Арина, Арина, – душа стала меркнуть, как при воспоминании о позоре или долге, – Арина… Вроде совсем недавно проходу ей не давал, дежурил, дубея на морозе, у Арининого подъезда, домогался ее с пересохшим ртом, а сейчас – духота и неволя. Пусть теплились еще и чувство кое-какое, и расчет на ее головокружительные связи, и гордость победой, и дружеское злорадство, что утер нос Никите.

Что правда то правда: хороша и ох как желанна была Арина попервоначалу – чуть блеклая красота, польская кровь, богемные замашки, своя в черт-те каких кругах и уже года два как безуспешно добивается разрешения на выезд из страны. Наконец, годится ему чуть ли не в матери – сорок два года, разница в двадцать с лишним лет, но с другой стороны… Стали почти невыносимы мелочи: скажем, дурацкая Аринина манера обращаться к нему на «вы» и звать то полным именем, то по фамилии даже в постели. «Вы, Лев…» – святых выноси. Или пальцы ее ног, обезображенные пристрастием к тесным туфлям на высоченных каблуках. Надо было как-то высвобождаться из Арининых жадных объятий, но пойти на попятный с каждым днем делалось все труднее.

А еще только в декабре дрейфил Криворотов, сопляком и посредственностью казался себе в ее присутствии!

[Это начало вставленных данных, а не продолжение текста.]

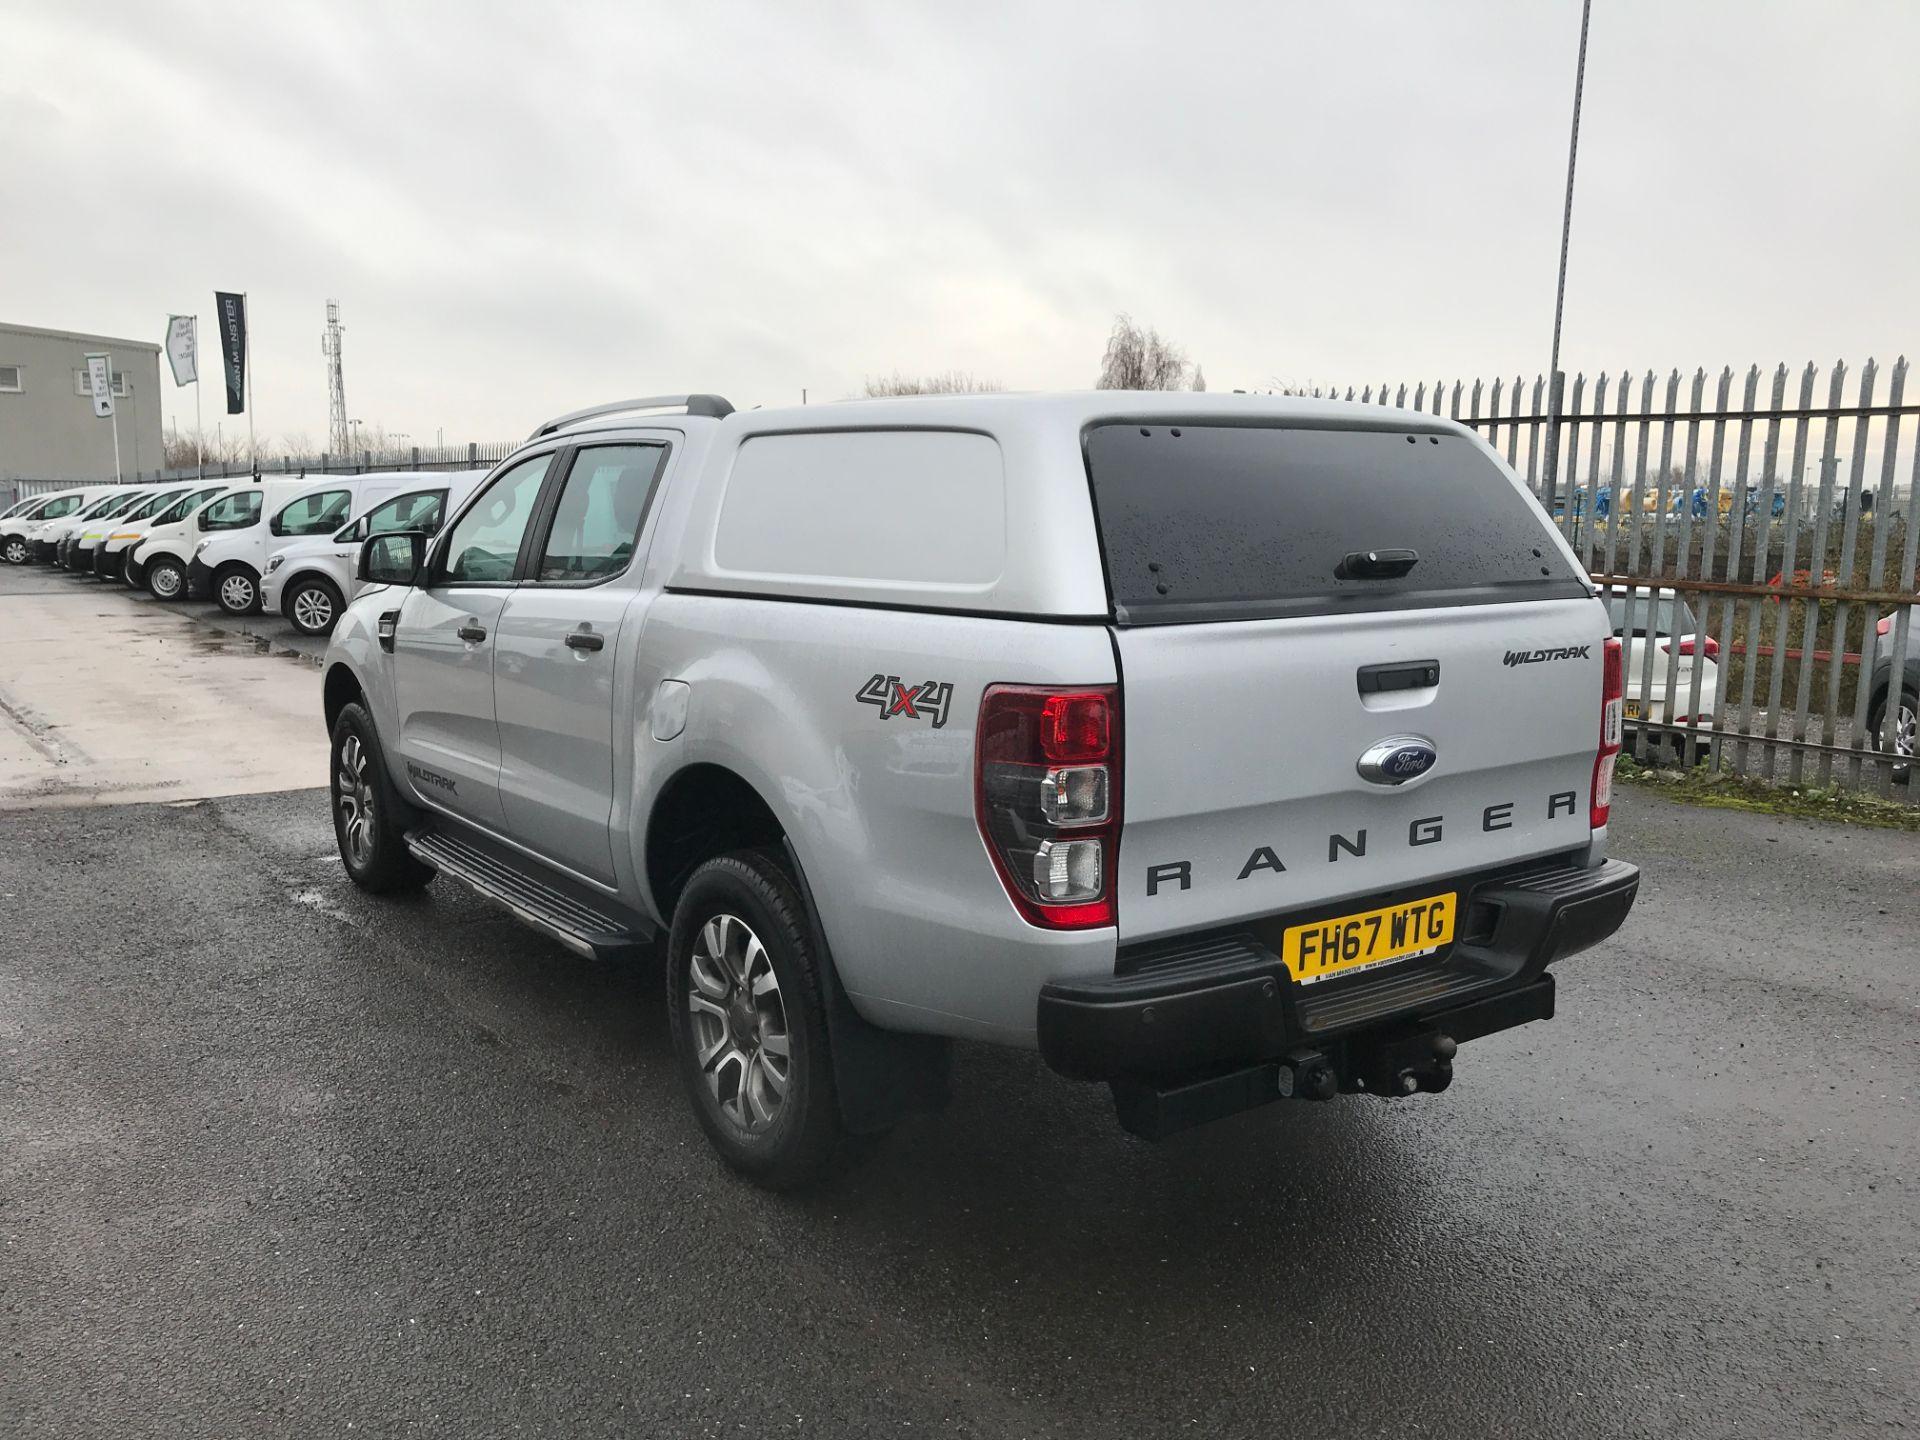 2018 Ford Ranger DOUBLE CAB 4X4 WILDTRAK 3.2TDI 200PS EURO 5 (FH67WTG) Image 9

В просторном балахоне бедуинского толка, артистически рассеянная, прикуривающая одну сигарету от другой, Арина, случалось, сиживала в заднем ряду поэтической студии и нагоняла страх на желторотых лириков игрою бровей, выпячиванием нижней губы, красноречиво-отсутствующим видом, с которым она в случаях особенно провальных выступлений принималась пускать дым кольцами. Криворотов с Никитой глазам своим не поверили: настоящая женщина среди поэтической гоп-компании, художников от слова «худо», почти сплошь неудачников и графоманов. И когда после завершения достопамятной читки по кругу незнакомка энергично пробралась к нему меж вкривь и вкось стоявших стульев и витиевато «испросила соизволения» взять его рукопись на дом, у Льва сел голос и он, покорно протягивая ей свои писания, что-то невнятно просипел, и пошел пятнами, и дотла сгорел от стыда оттого, что, вооруженный на миг вкусами, запросами и снобизмом салонной львицы, пробежал заново со скоростью падающего сердца не «лирику поэта Криворотова», а на живую нитку зарифмованный исповедальный лепет студийца, завсегдатая жалкого по сути-то дела кружка литературной самодеятельности и третьекурсника-троечника Левы, неполных двадцати лет от роду.

– Все это, – сказала она, возвращая тетрадку распаленному автору через неделю жара и холода, – чушь собачья, но вы, скорее всего, гений. Если не загубите себя, а вы, судя по глазам вашим, можете…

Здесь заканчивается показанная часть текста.